01.03 · Prompt Engineering — Deep Dive

Level: Intermediate
Pre-reading: 01 · AI & LLM Foundations · 01.01 · How LLMs Work


Prompt Structure

Every LLM interaction has three roles:

Role Purpose Example
System Defines agent persona, constraints, output format "You are a senior Spring Boot developer. Return only valid Java code."
User The actual request or input "Implement a REST endpoint for creating an order."
Assistant The model's response (or few-shot examples) Previous turn's output, provided to establish pattern

Core Techniques

Zero-Shot Prompting

Ask the model directly without examples. Works for common tasks where the model has strong priors.

Summarise this JIRA ticket in one sentence and extract the acceptance criteria as a JSON array.

Ticket: [ticket text here]

Few-Shot Prompting

Provide 2–3 input/output examples before asking for the real task. Dramatically improves consistency.

Example 1:
Input: "Login button not responding on mobile"
Output: { "type": "bug", "component": "auth-service", "severity": "high" }

Example 2:
Input: "Add support for OAuth2 login"
Output: { "type": "feature", "component": "auth-service", "severity": "medium" }

Now classify:
Input: "Checkout throws 500 when cart is empty"

Chain-of-Thought (CoT)

Ask the model to reason step by step before giving the final answer. Essential for complex code analysis.

Think step by step:
1. What exception is being thrown?
2. What code path leads to it?
3. What is the root cause?
4. What is the minimal fix?

Stack trace: [...]

ReAct Prompting

Combines Reasoning and Acting. The model alternates between thinking and tool use. The foundation of agents.

Thought: I need to find which service handles the payment flow.
Action: search_codebase("PaymentService")
Observation: Found PaymentService.java in billing-service/
Thought: I should read this file to understand the bug.
Action: read_file("billing-service/src/PaymentService.java")
...
Final Answer: The bug is on line 42 — null check missing before .getAmount()
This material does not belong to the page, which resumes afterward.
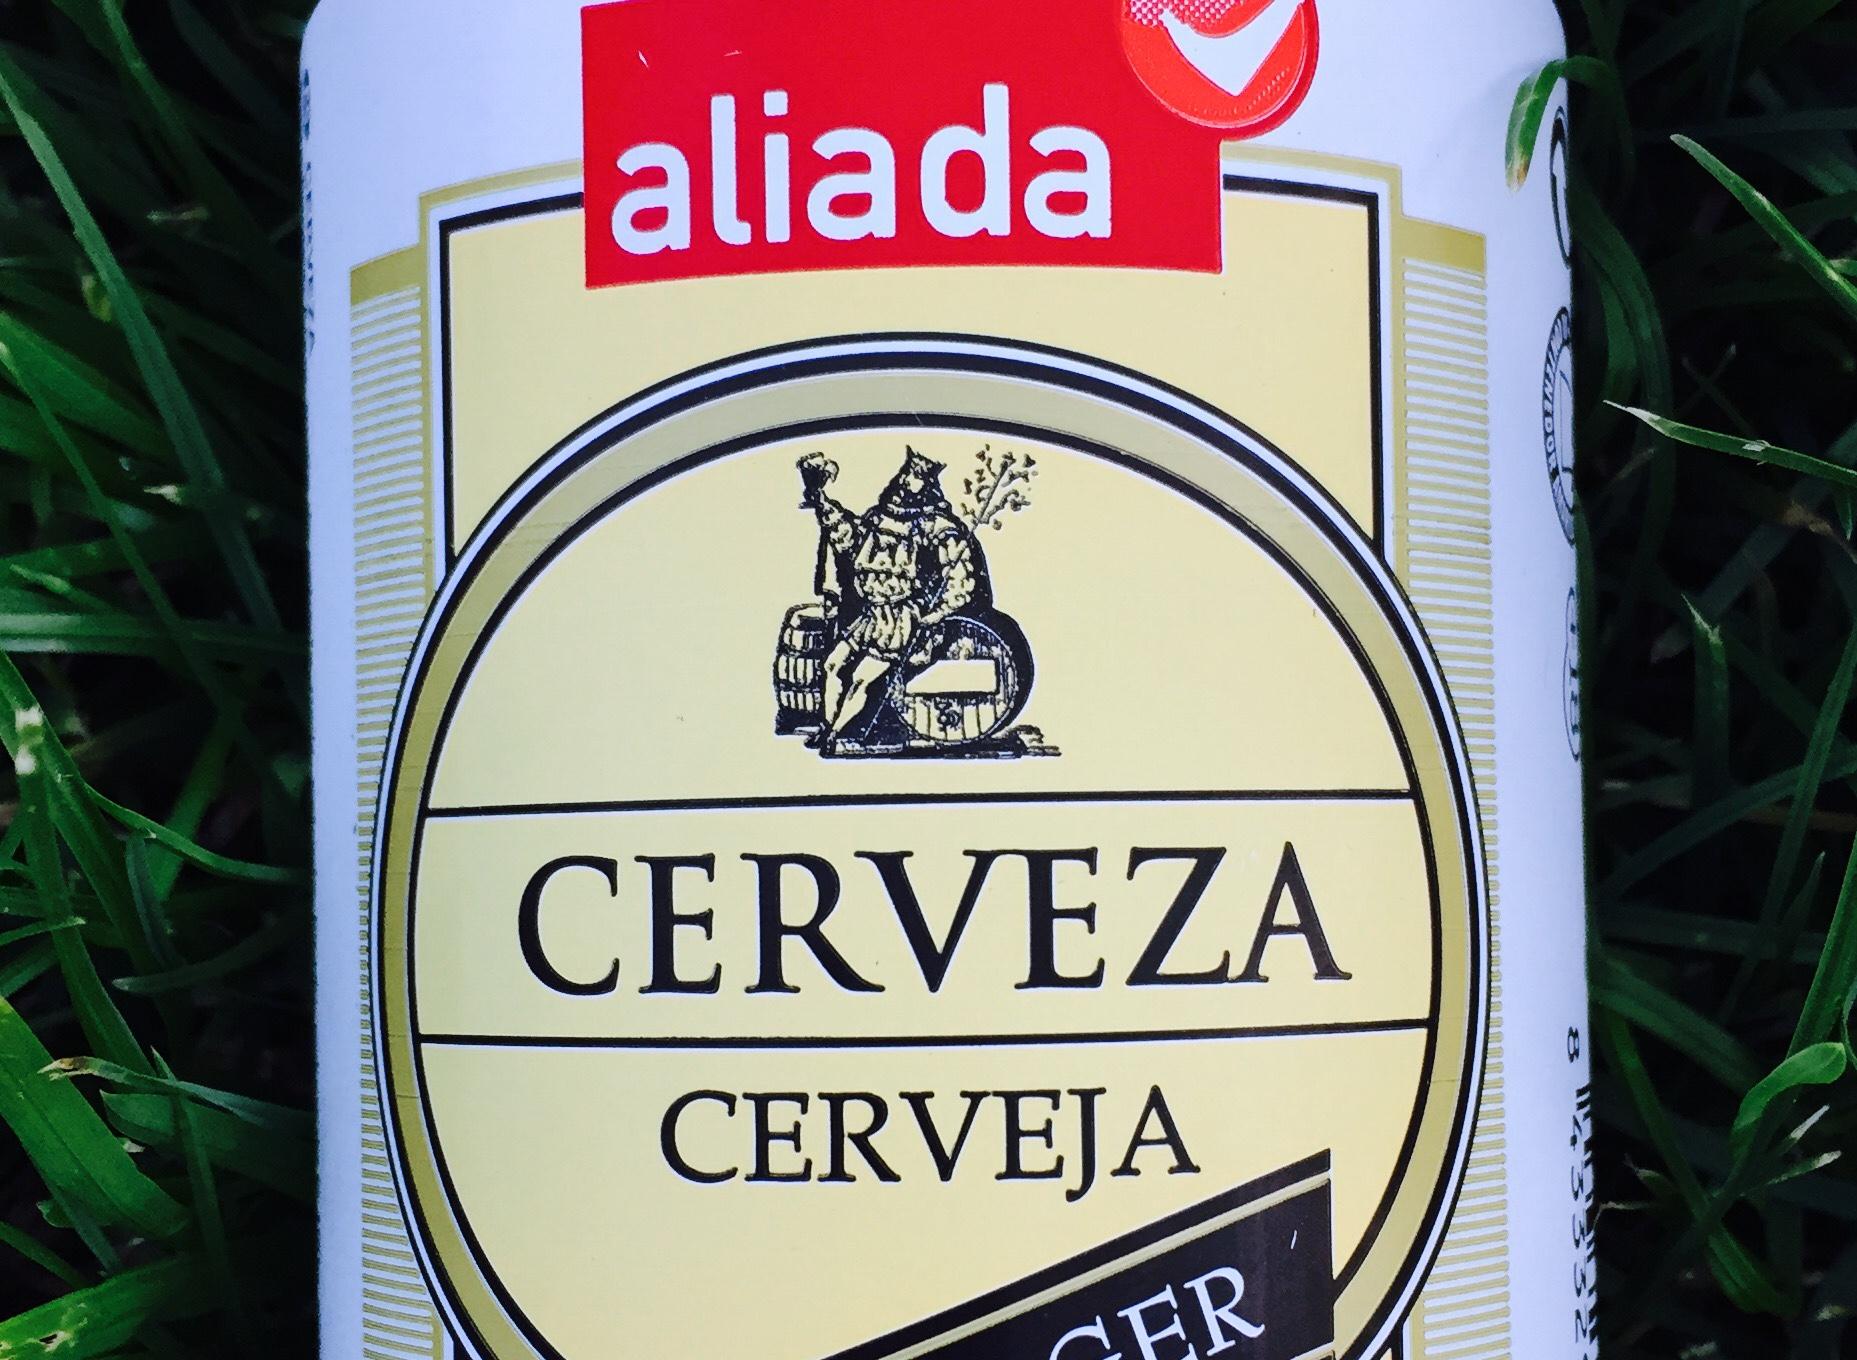 Aliada Cerveza - Tipo Lager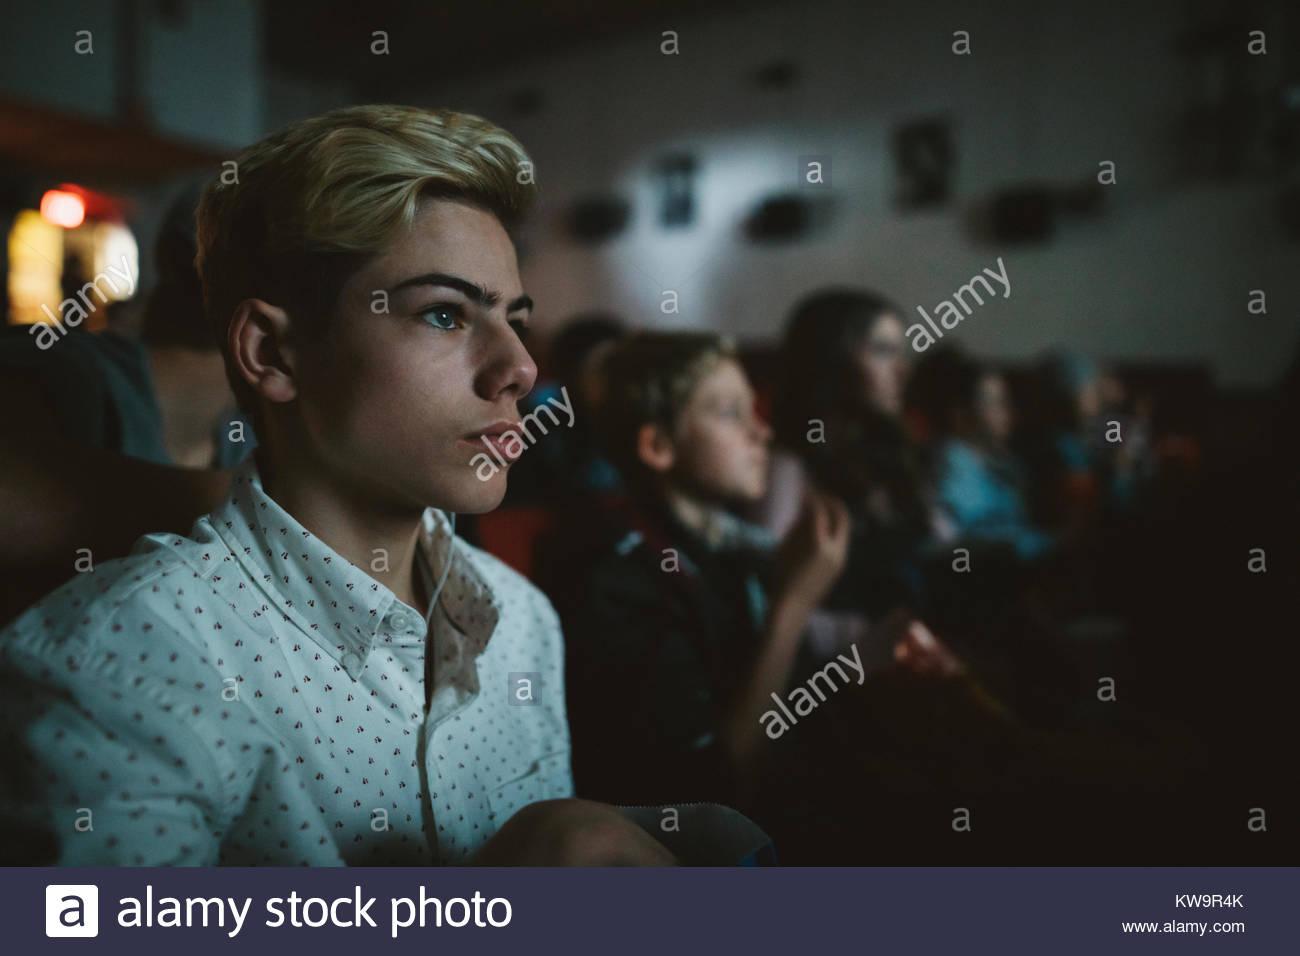 Ernsthafte tween Boy watching Film im dunklen Kino Stockbild

System Prompt Design for Dev Agents

A well-designed system prompt for a JIRA→PR agent:

You are an expert Java/Spring Boot developer working on a microservices platform.

Your capabilities:
- Read JIRA tickets and extract requirements
- Search and read source code files
- Make targeted, minimal code changes
- Write JUnit 5 test cases
- Create descriptive Git commit messages

Your constraints:
- Never modify files outside the identified service boundary
- Always write at least one unit test for every change
- Output code changes as unified diffs, not full file rewrites
- If unsure about intent, ask a clarifying question rather than guessing
- Never hardcode credentials or secrets

Output format for code changes:
{
  "service": "order-service",
  "files_changed": [...],
  "diff": "...",
  "tests_added": [...],
  "pr_description": "..."
}

System Prompt Injection Risk

If any user-controlled input (JIRA ticket content, code comments) reaches the system prompt, it can override your instructions. Always separate trusted system instructions from untrusted user data. See 08.01 · Prompt Injection.


Structured Output

Always request structured output for agentic pipelines. Parsing free text is fragile.

Method When to Use
JSON mode (OpenAI) Force valid JSON output, no schema validation
Structured outputs (OpenAI) Force output conforming to a JSON schema — best for production
Tool call response Model returns a function call structure instead of text
XML tags (Claude) Wrap sections in <code>, <analysis>, <summary> for reliable parsing

What is the difference between few-shot and fine-tuning?

Few-shot puts examples in the prompt at inference time — fast to iterate, no training cost, but consumes context window tokens. Fine-tuning bakes examples into model weights — no context overhead, consistent style, but requires data collection and retraining. For most dev automation tasks, few-shot is sufficient and preferable.

How do you prevent an agent from going off-task?

Use a tight system prompt with explicit constraints, structured output formats, and output validation before any action is taken. LangGraph allows you to add conditional edges that reject outputs not matching a schema and re-prompt the model. See 04 · LangGraph.